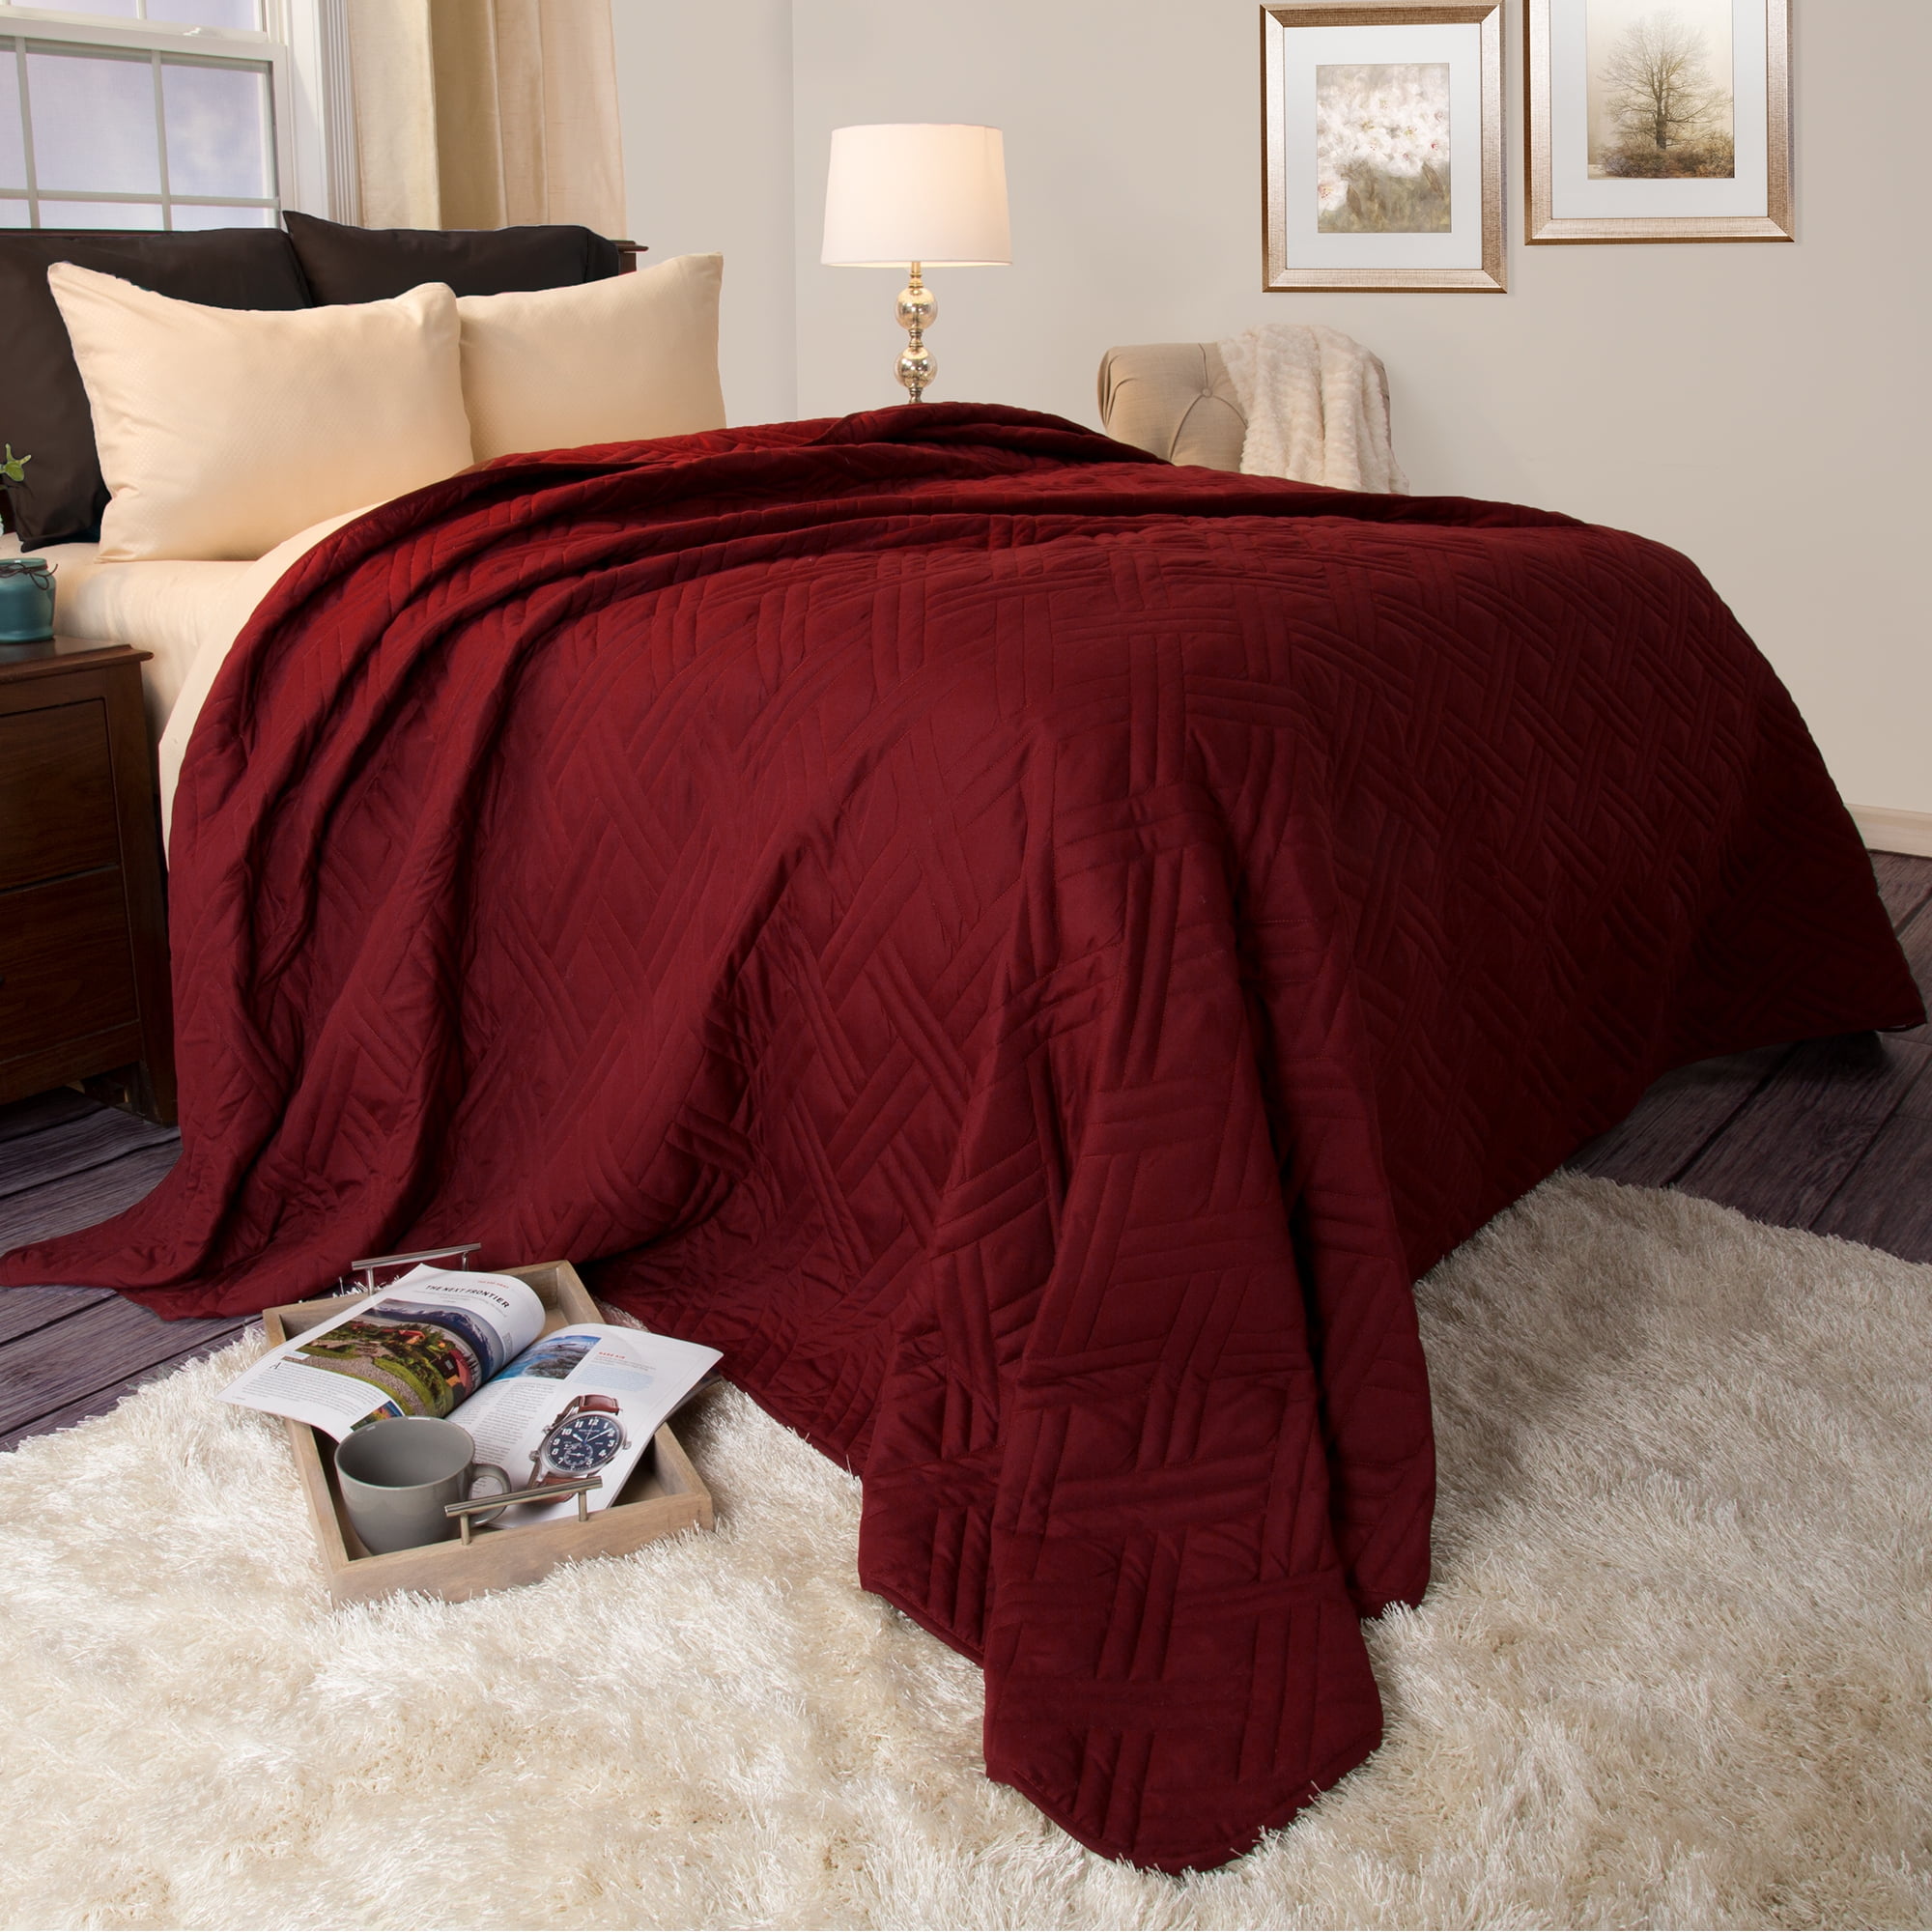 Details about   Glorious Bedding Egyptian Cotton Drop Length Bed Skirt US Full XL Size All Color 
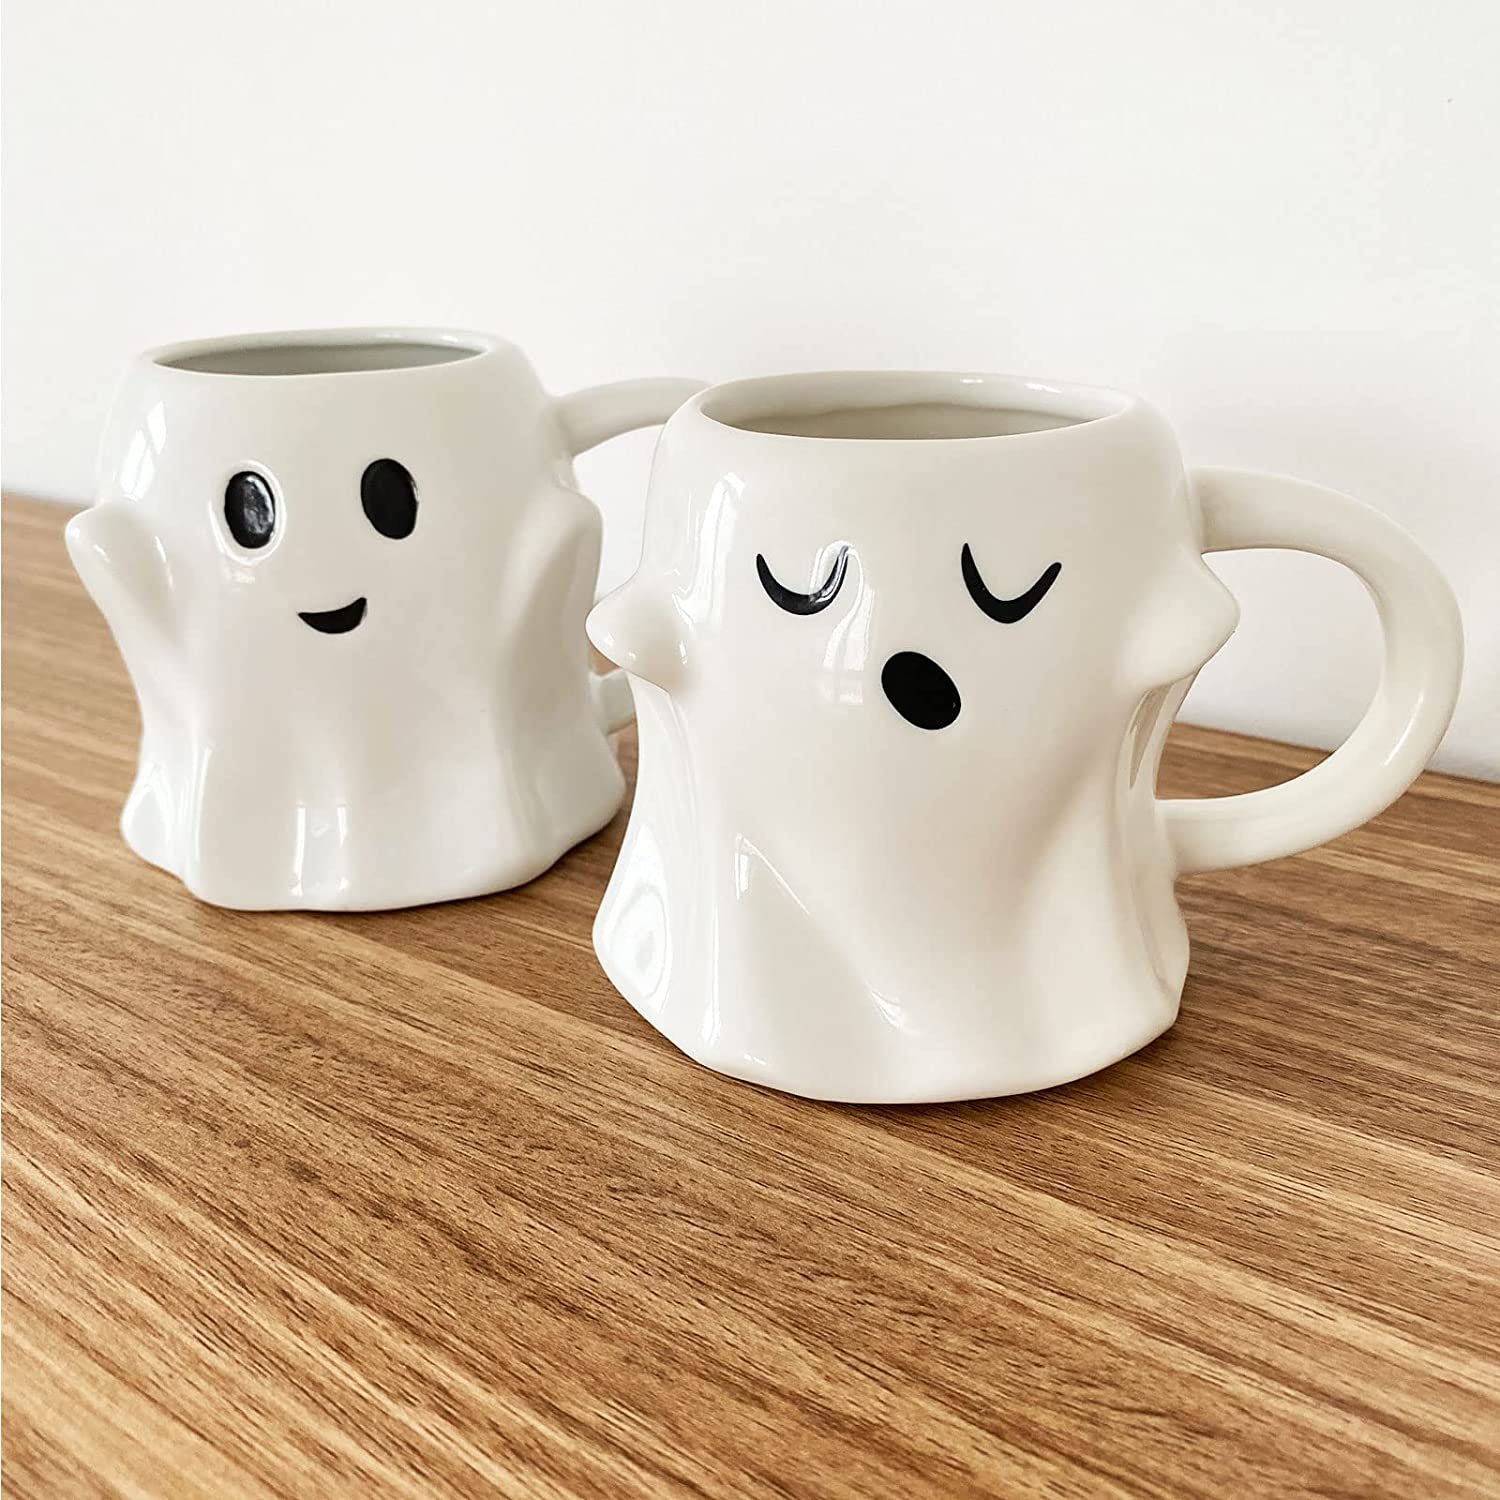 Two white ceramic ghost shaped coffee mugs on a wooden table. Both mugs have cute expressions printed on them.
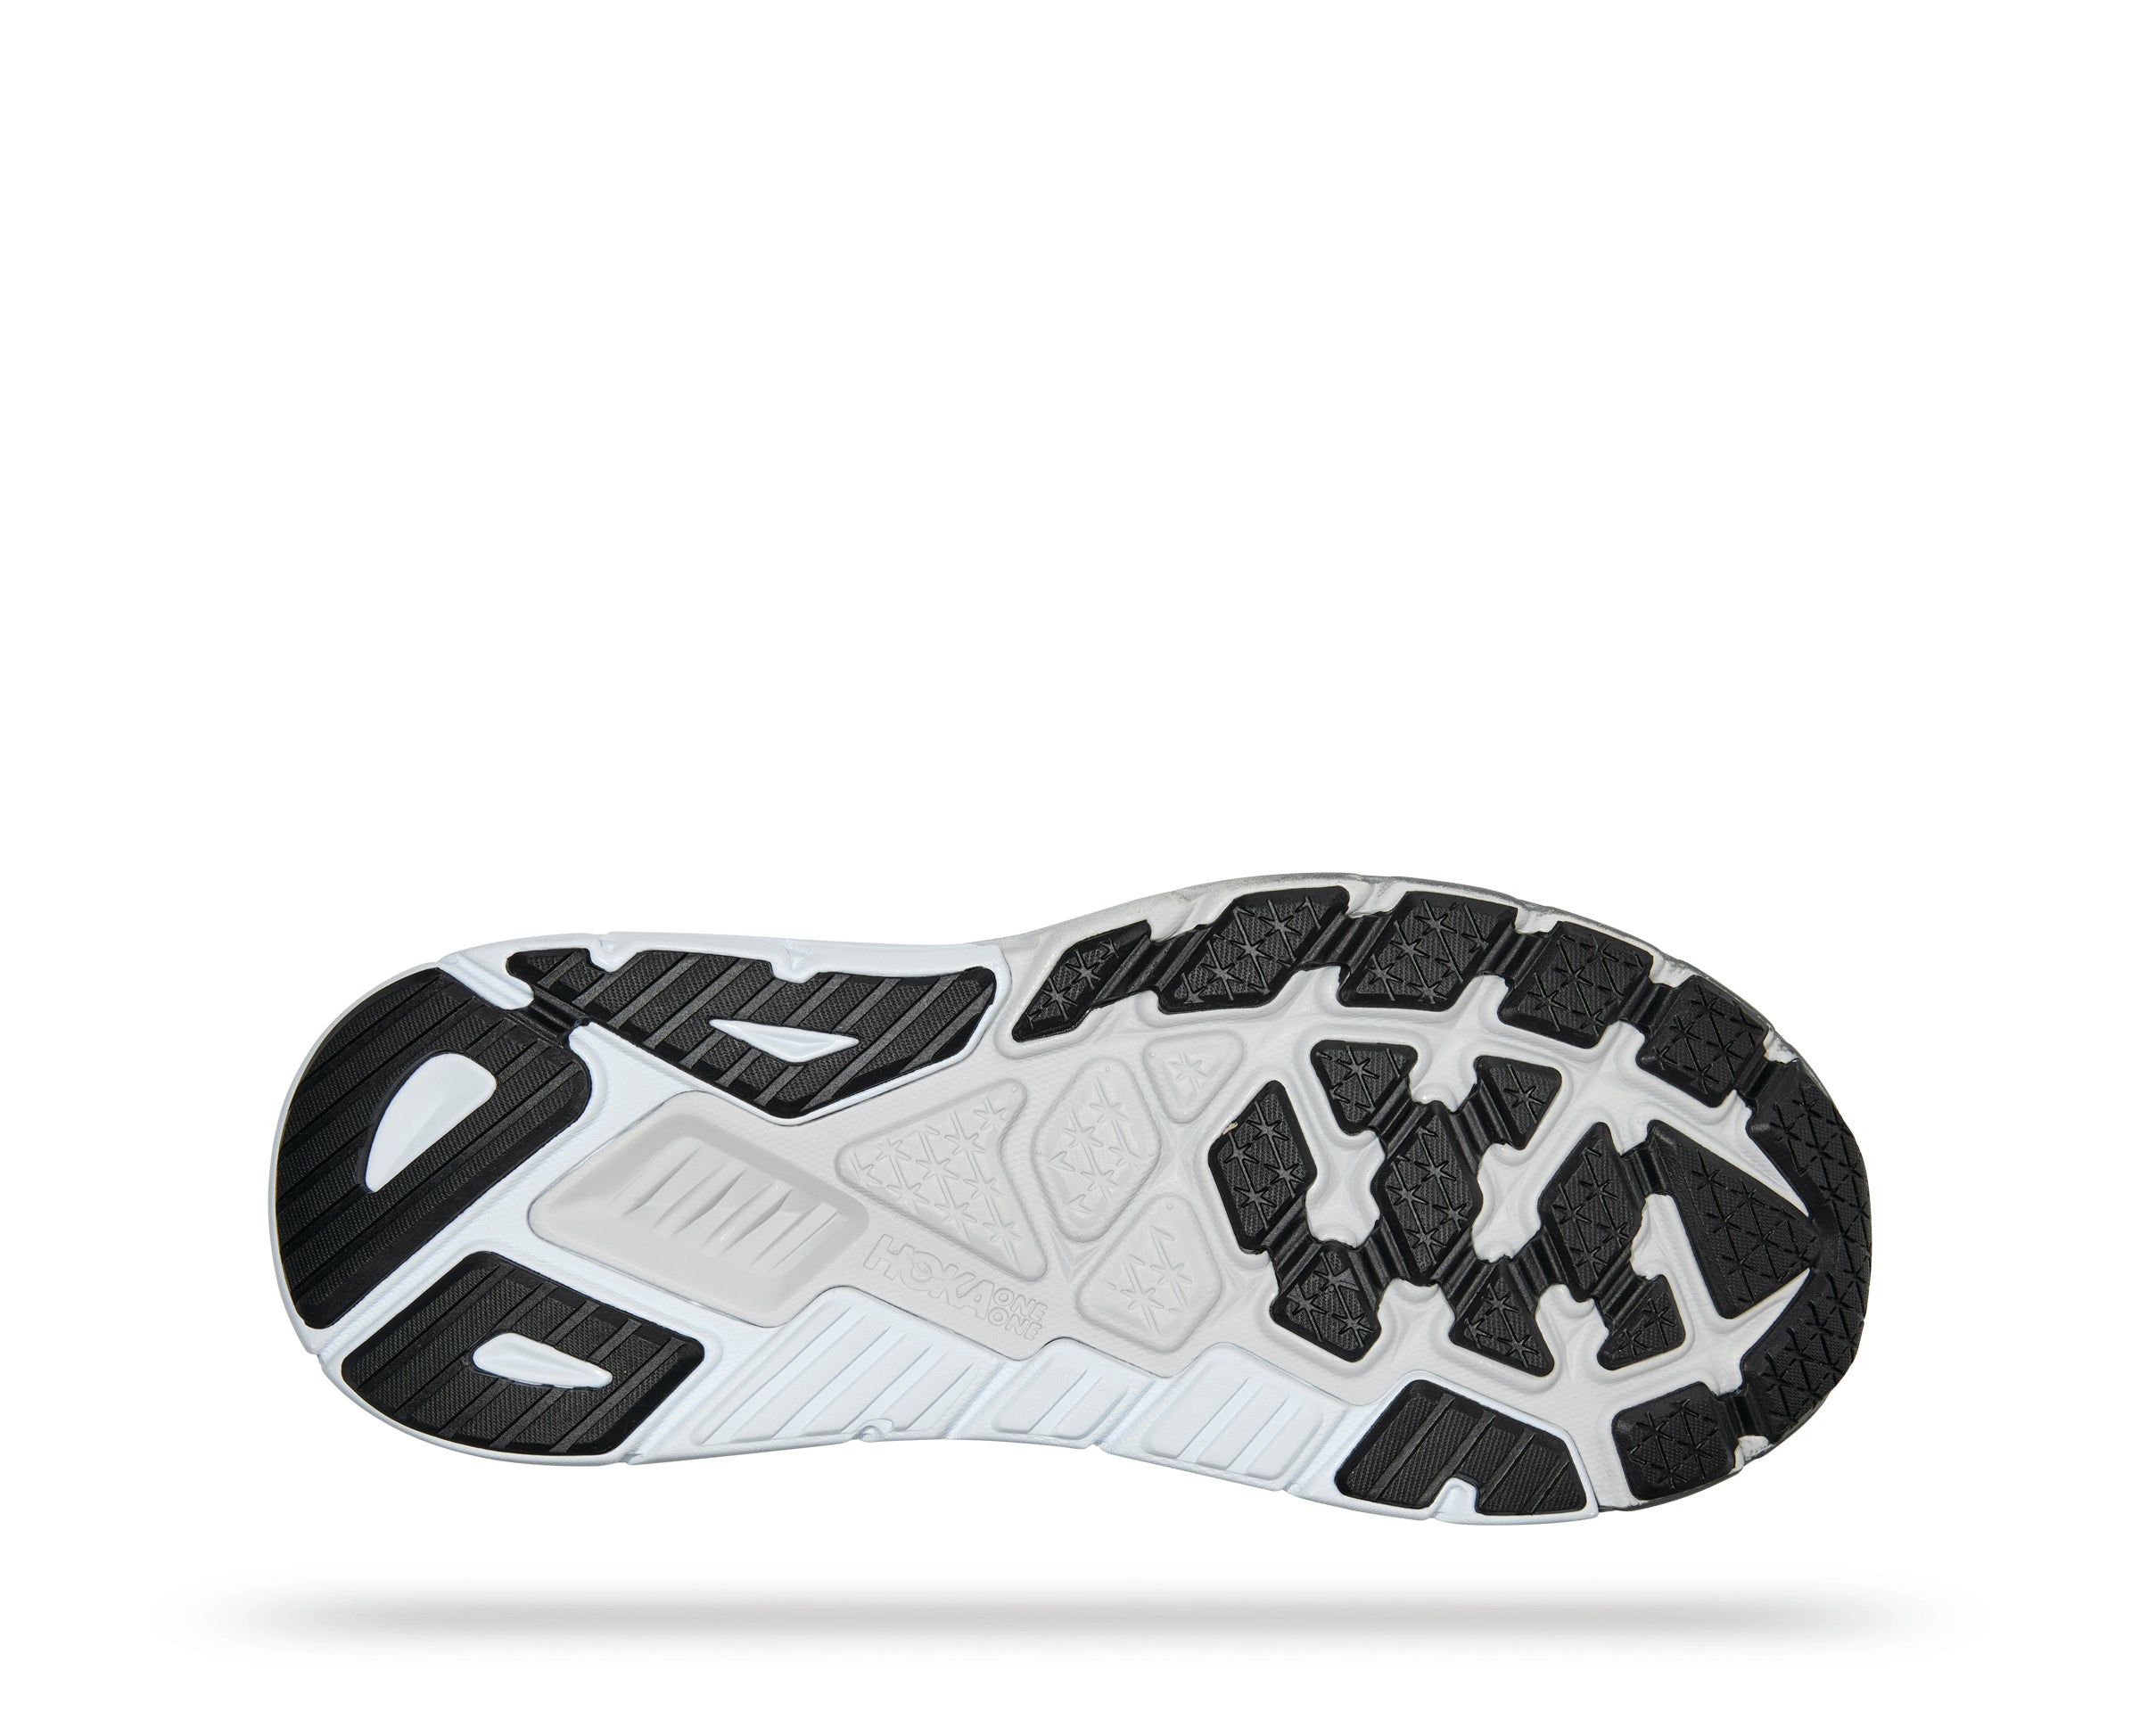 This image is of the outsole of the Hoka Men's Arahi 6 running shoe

[What you have to do]:
Transcribe the data exactly, minus any images.

[Result of the exercise]:
 Details about   Glorious Bedding Egyptian Cotton Drop Length Bed Skirt US Full XL Size All Color 
 Two white ceramic ghost shaped coffee mugs on a wooden table. Both mugs have cute expressions printed on them.
 This image is of the outsole of the Hoka Men's Arahi 6 running shoe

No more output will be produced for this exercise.